III. Judicial immunity

Plaintiff sues Muskegon County Circuit Judges Hicks and Marietti, contending that, by placing a restriction on Plaintiff's filing of additional challenges to his conviction, they have deprived him of due process and access to the courts and have defamed him and violated their oaths of office.

Generally, a judge is absolutely immune from a suit for monetary damages. Mireles v. Waco, 502 U.S. 9, 9-10 (1991) ("[I]t is a general principle of the highest importance to the proper administration of justice that a judicial officer, in exercising the authority vested in him, shall be free to act upon his own convictions, without apprehension of personal consequences to himself.") (internal quotations omitted); Barrett v. Harrington, 130 F.3d 246, 254 (6th Cir. 1997); Barnes v. Winchell, 105 F.3d 1111, 1115 (6th Cir. 1997). Absolute judicial immunity may be overcome in only two instances. First, a judge is not immune from liability for non-judicial actions, i.e., actions not taken in the judge's judicial capacity. Mireles, 502 U.S. at 11; see Forrester v.
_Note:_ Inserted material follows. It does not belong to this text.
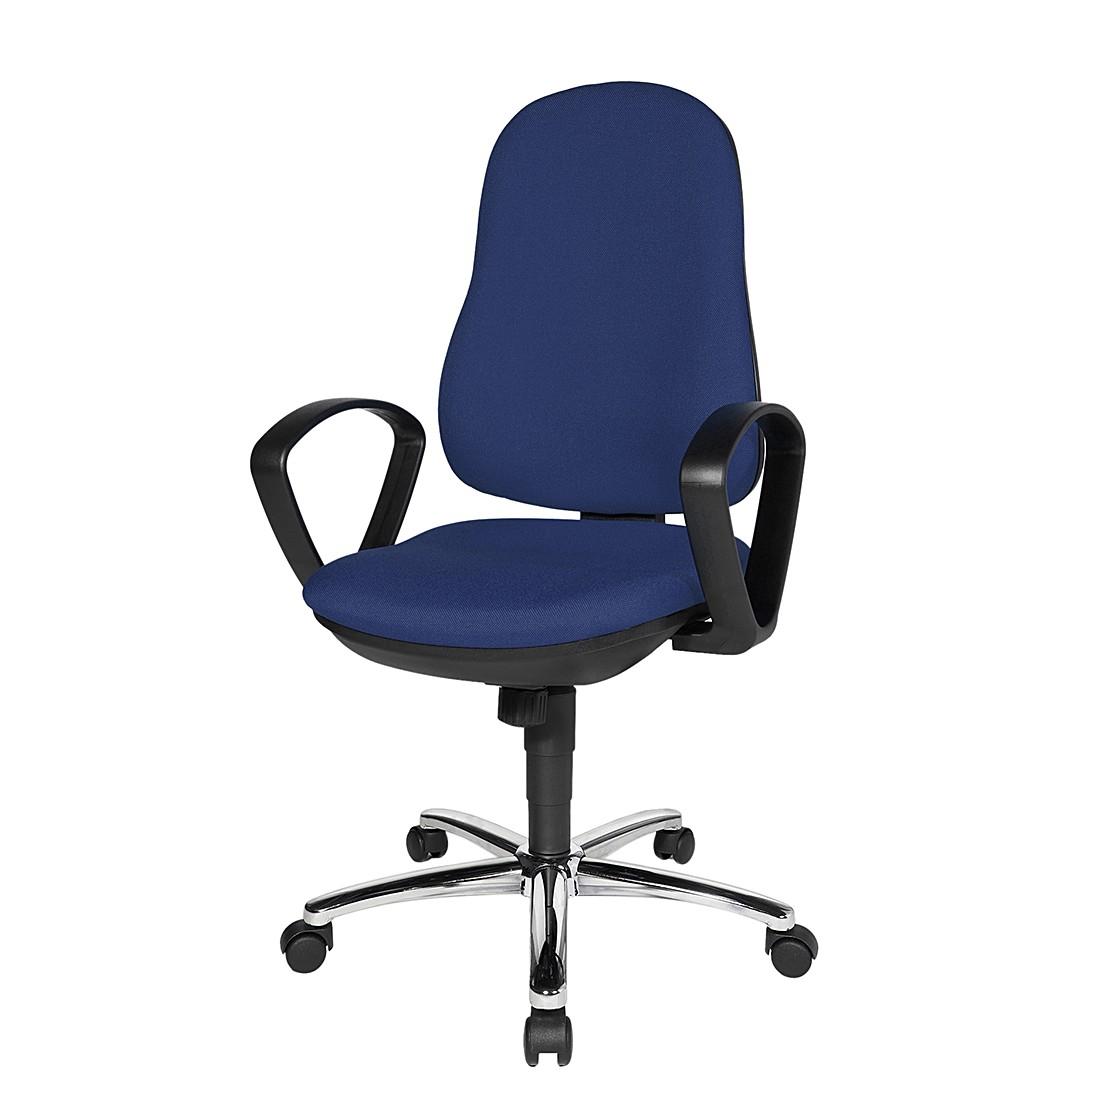 Bürostuhl Syncro Steel – Textilbezug – Blau/Schwarz, Topstar kaufen

White, 484 U.S. 219, 229 (1988) (noting that immunity is grounded in "the nature of the function performed, not the identity of the actor who performed it"). Second, a judge is not immune for actions, though judicial in nature, taken in complete absence of all jurisdiction. Id. at 12.

Plaintiff's allegations clearly fail to implicate either of the exceptions to judicial immunity. There is no doubt that Defendants Hicks and Marietti were acting within their jurisdiction to evaluate Plaintiff's multiple collateral attacks on his judgment and to determine that no further challenges to the conviction would be permitted. Accordingly, Judges Hicks and Marietti are absolutely immune from damages, and Plaintiff therefore is not entitled to damages against them. 28 U.S.C. § 1915(e)(2)(B)(iii).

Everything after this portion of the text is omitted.